By contrast, the Japanese usage of tension does not require such relationality. It is used purely to describe an individual’s psychological state, energy level, or excited mood.
My hypothesis is as follows. Perhaps Japanese speakers began describing a lively or energized emotional state as having “high tension” by analogy to muscles contracting to exert force, as if one’s mood or attitude were tightly drawn and ready to act. Just as muscles contract when tension is applied through muscle fibers connecting bones, we might ask: between what and what are our attitudes or emotions assumed to be connected?
If a word loses the essential properties required for it to be that word, can we still call it the same word?
A similar example can easily be found in parts of Asia, where sprinkler is sometimes understood as “spring cooler.” Because the word sprinkle is unfamiliar, the more familiar word “spring,” combined with the functional image of a “cooler” associated with extinguishing fires, leads to this reinterpretation. On the surface, it may seem plausible, but when one encounters an ordinary lawn sprinkler spraying water, the interpretation of “cooler” no longer holds. The signified meaning carried by the word becomes misaligned with the actual function of the object.

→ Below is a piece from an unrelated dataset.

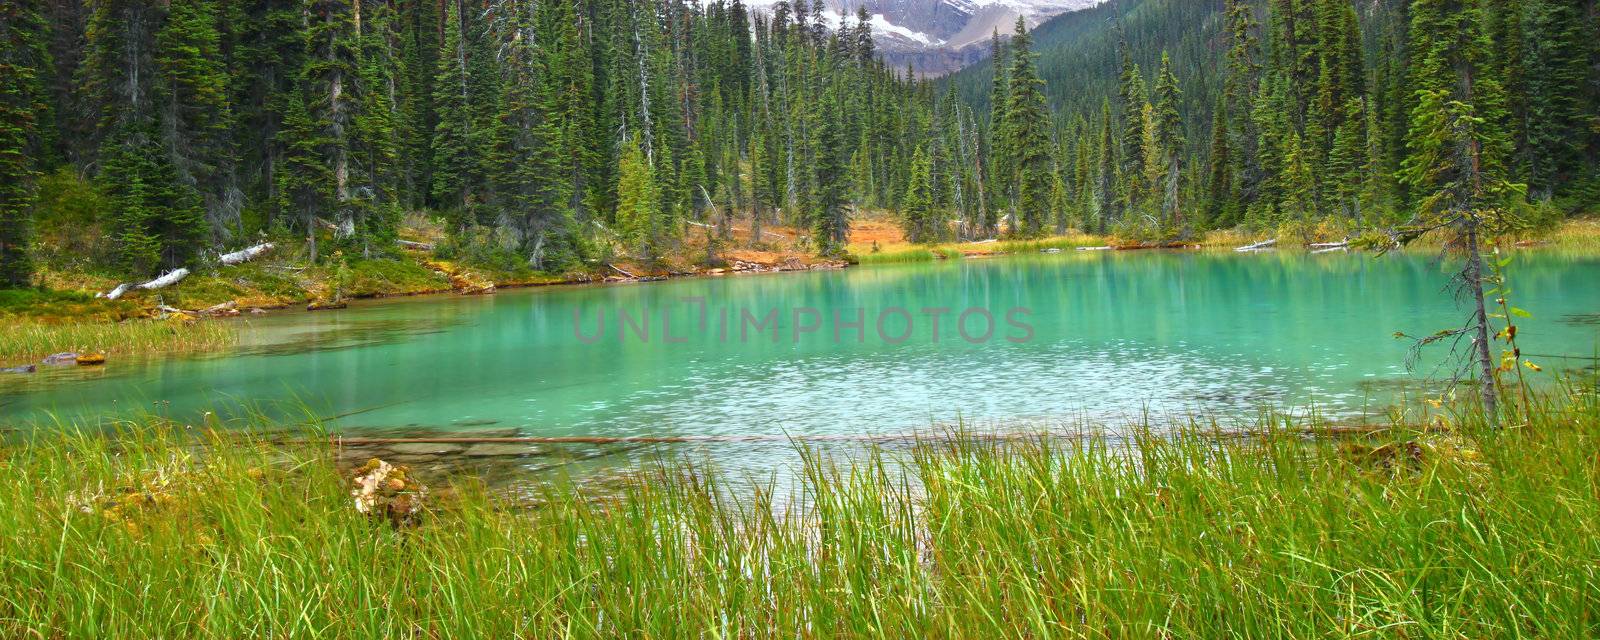 Lovely turquoise colored pond in Yoho National Park of British Columbia.

Then must “spring cooler” or the Japlish usage of tension necessarily be defined as incorrect expressions? Not necessarily. Language is not fixed by dictionaries; it is continuously reconstructed within communities of use. When a particular community consistently employs a word in a new way, this can be understood as the process through which new meaning emerges.
The real question is how that meaning has been restructured within a given framework. If tension originally referred to relational tension, the Japanese usage may be seen as shifting toward emphasizing the individual energy state that emerges as a result of tension. Rather than a collapse of meaning, this can be understood as a rearrangement of meaning.

This is such a fascinating topic you’re touching on here. Trying to trace the origins of words that describe mental or emotional states - and discovering that they often come from concepts rooted in the exact sciences - really highlights the informational space that shapes how people think and feel.
Each culture seems to inhabit a slightly different conceptual space, and that’s why, when someone learns a foreign language, it’s not enough to learn only the technical side of it. You also have to absorb the context of the space in which that language is actually used.
In that sense, your example makes me think that language learning is inseparable from learning culture and building human connections, not just mastering vocabulary or grammar.